### Supplied data

____

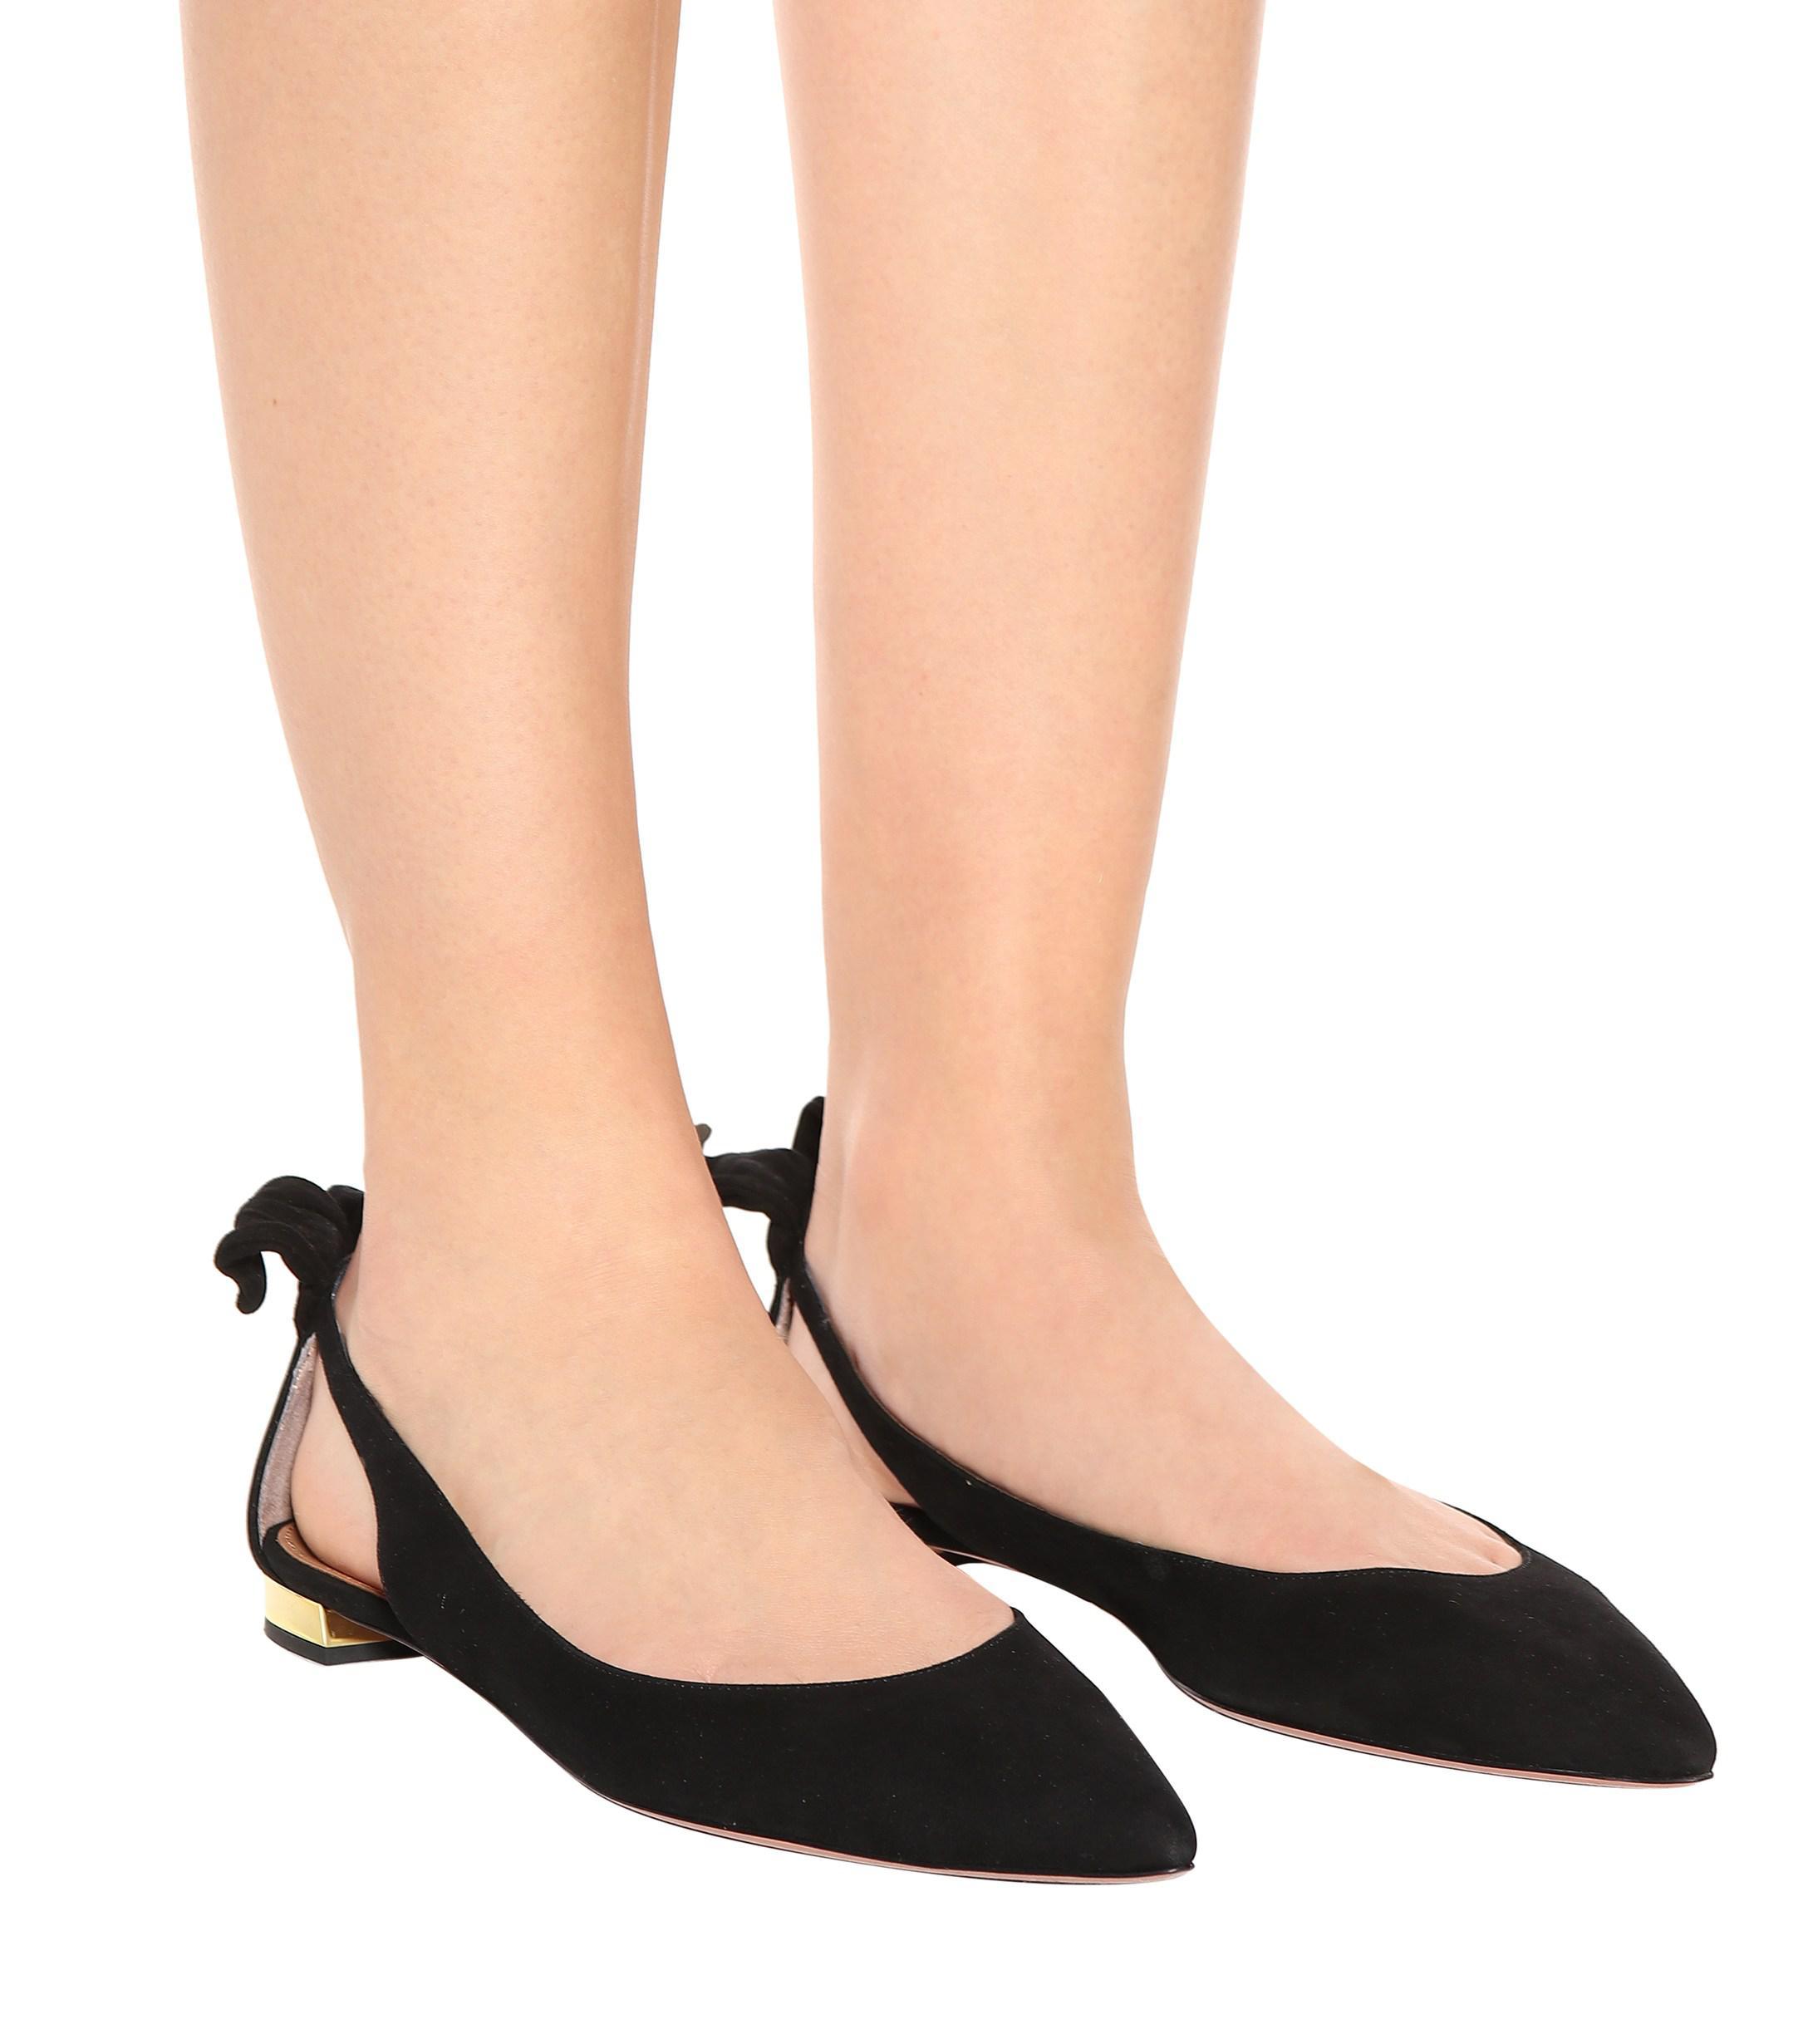 Aquazzura Bow Tie Suede Ballet Flats in
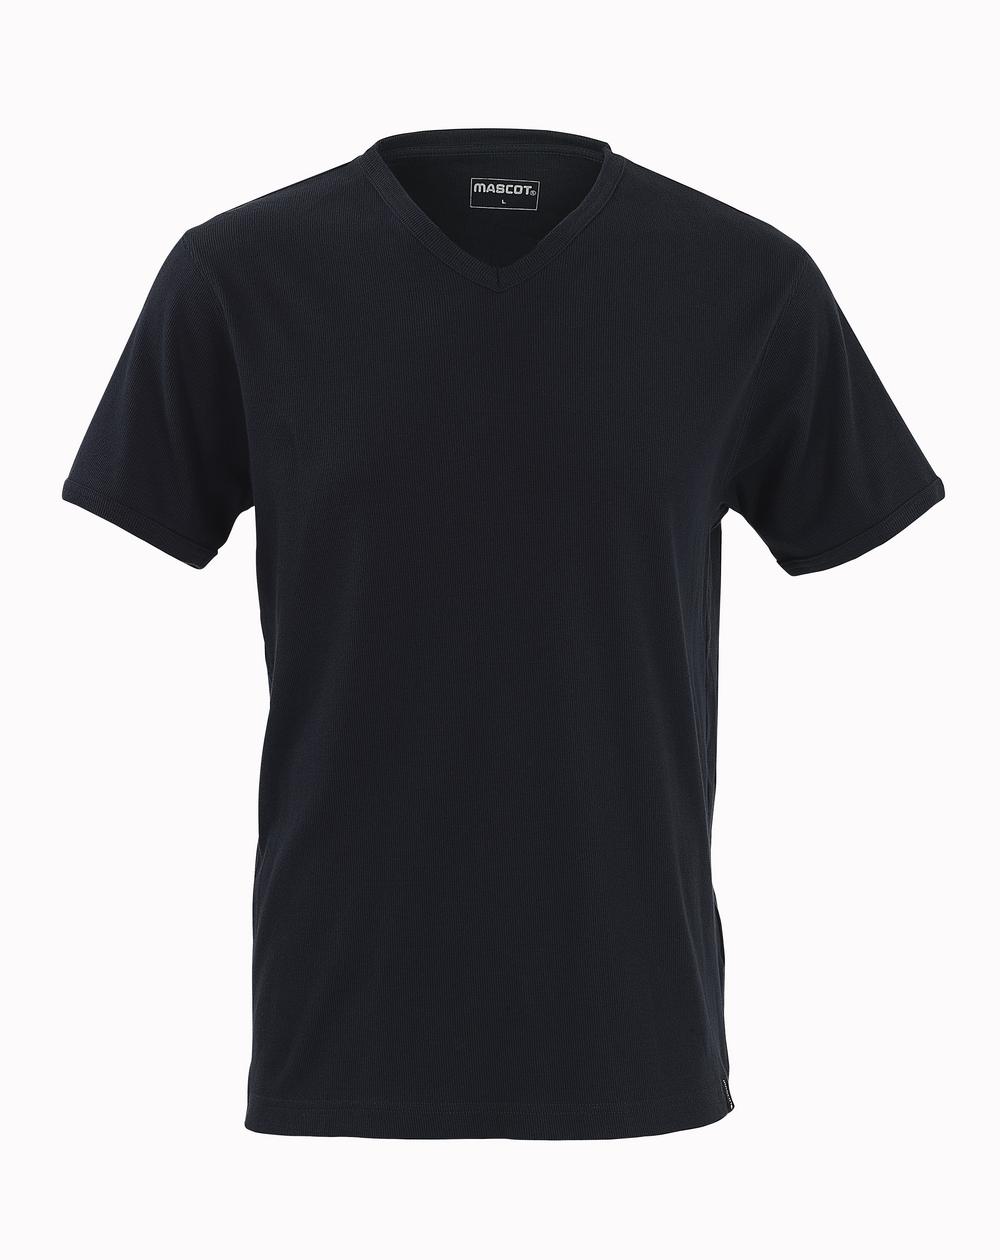 50401-865-010 T-Shirt - Schwarzblau
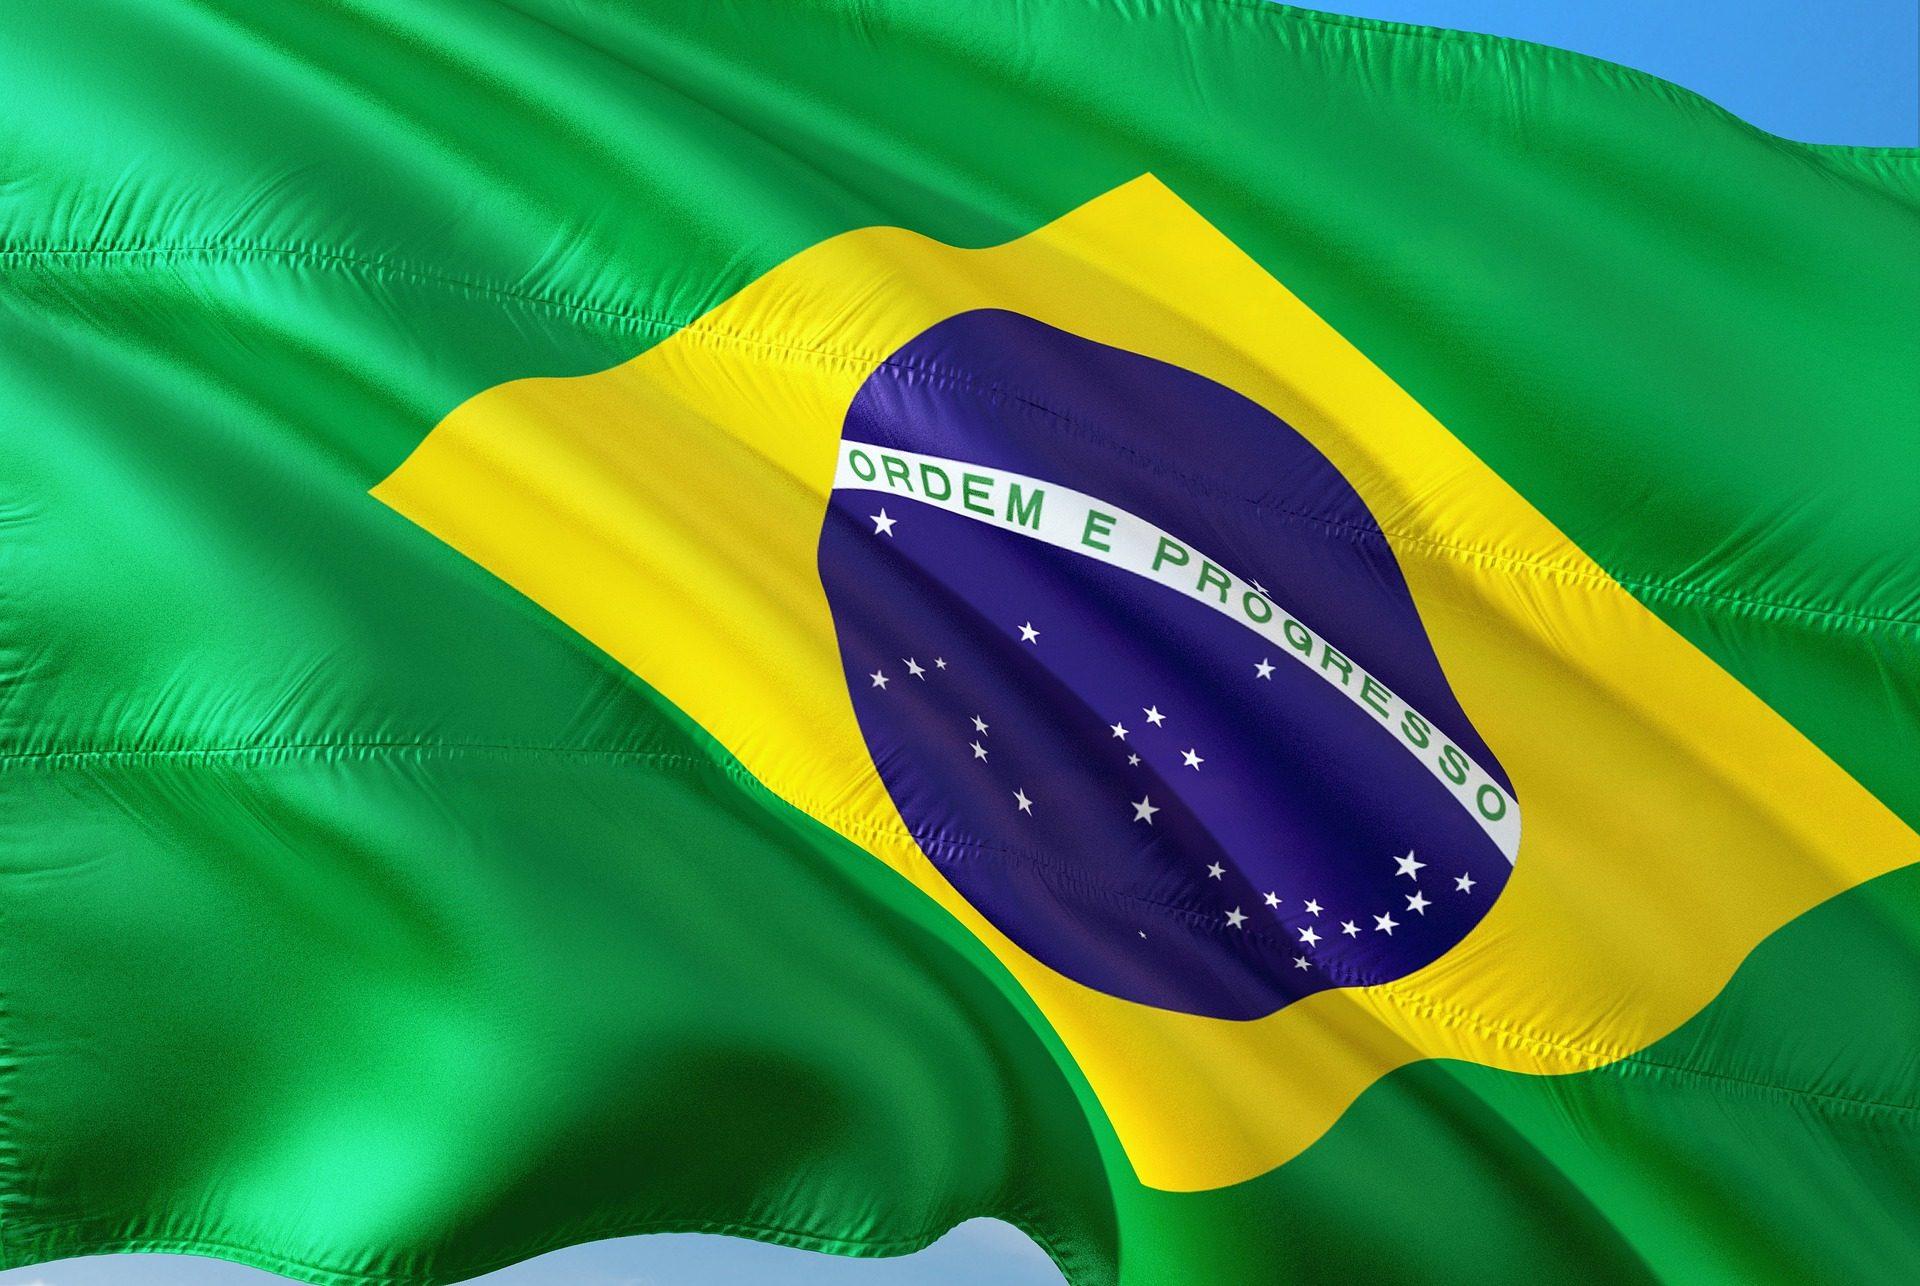 Gobierno de Brasil estudia un sistema de identidad digital descentralizada impulsado por tecnología blockchain

____

### Activity
Everything in the listing, except its images, should be set down exactly.

### Result of this task
 Aquazzura Bow Tie Suede Ballet Flats in
 50401-865-010 T-Shirt - Schwarzblau
 Gobierno de Brasil estudia un sistema de identidad digital descentralizada impulsado por tecnología blockchain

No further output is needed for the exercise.